Four in 10 brands allow ads to serve on unsafe websites, and 64% find it challenging to implement an effective brand safety platform. Among that total, 57% say the solution they use today is too expensive.
The brand safety data released this week from Sizmek’s survey analyzes responses from more than 500 advertisers and marketers that had a combined annual digital ad spend of more than $500 million. The survey was conducted in spring 2018.
When asked what brand safety means for a digital campaign, 60% said it means blocking the most harmful pages, followed by 50% who said managing a blacklist of sites, 48% said delivering on predefined site categories, 45% said delivering only on premium publishers, 40% said delivering on a whitelist, and 32% said delivering on PMPs.
The study, An Insider’s Look at Media, Brand Safety and Partnerships, found that only 61% of marketers have a third-party brand safety solution in place, and 84% want a “better value” from it. While it can be difficult to detect whether an ad has been delivered to a harmful or brand-unsafe page, 38% of marketers believe that their brands have done so.
Some 85% of marketers said improving brand safety across their digital campaigns is a high or critical priority. They say that syncing the solution to the demand side platform and blocking harmful inventory are the two major challenges.
The performance cost to brand safety continues to rise. About 64% of marketers say achieving brand safety often negatively impacts the speed at which a campaign optimizes, and more than half of marketers say their organization’s brand safety solution is too expensive.
What company in the advertising supply chain should take responsibility for brand safety is often a matter of debate. When asked who brands believe has primary responsibility for brand safety, 38% believe the responsibility belongs with the brand. That is the likely reason why 80% have developed brand safety guidelines for their agencies and partners to follow.

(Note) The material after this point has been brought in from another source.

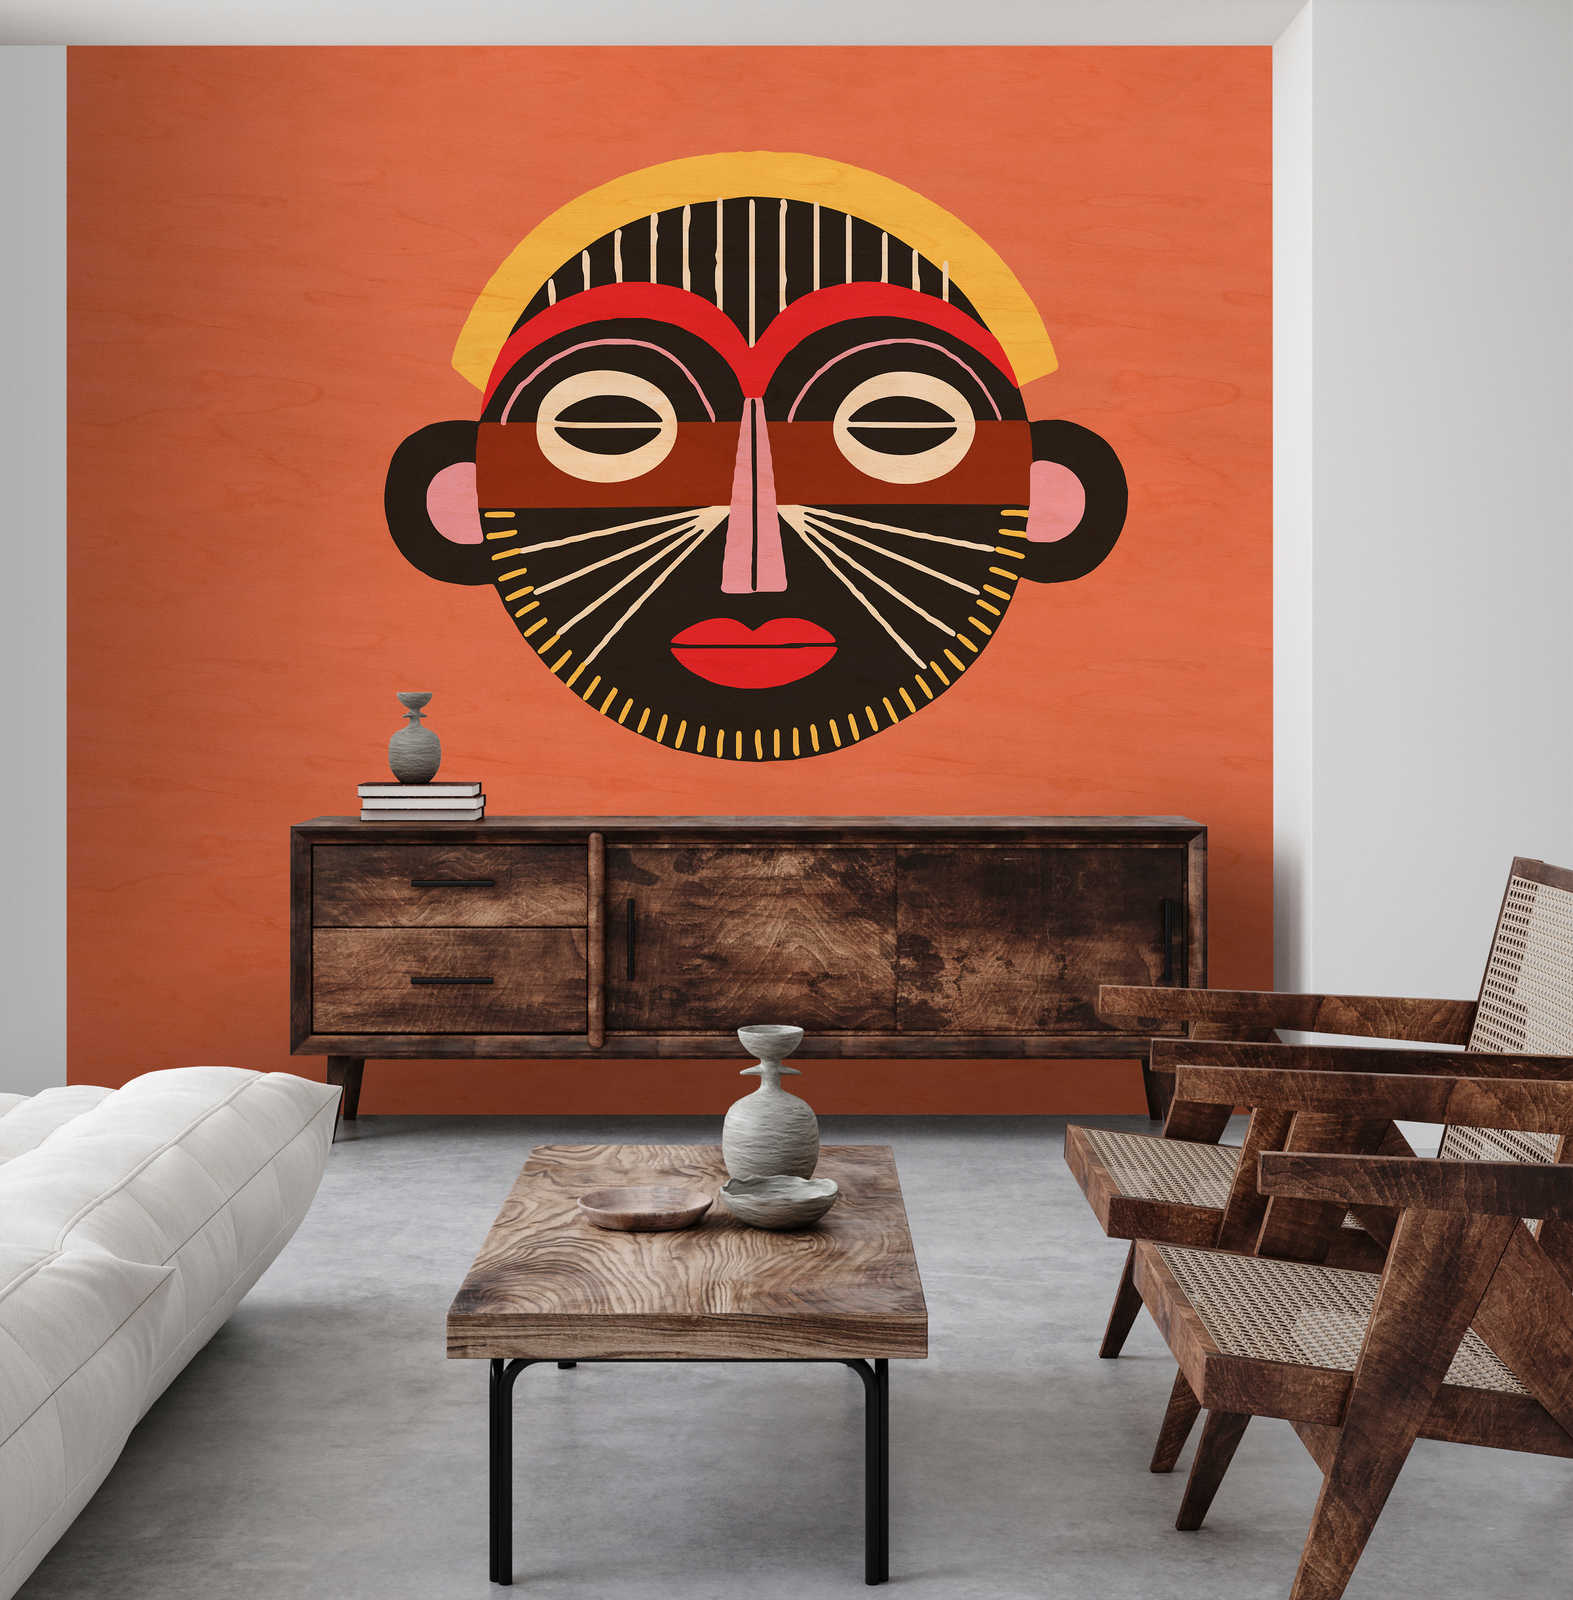             Overseas 2 - ethnic mural mask in tribal design

Still, 24% of marketers believe primary responsibility should be with demand-side platforms and other ad-tech vendors. Media-buying agencies come in at No. 2, with 26% as a secondary and 15% as a primary.
Ad exchanges and networks were close behind, with 16% as a secondary and 24% as a primary.
Overall, 62% of those participating in the survey agree the digital media landscape has become too complex, and 77% predict that data privacy regulations such as Europe’s GDPR will make targeting audiences using third-party data increasingly difficult. The report suggest that because of this advanced contextual targeting will become essential to build new audiences.
Despite these complexities, 80% of marketers said that achieving audience and contextual targeting will become a critical or high priority in the coming year. Among those marketers, 78% plan to improve their contextual targeting capabilities.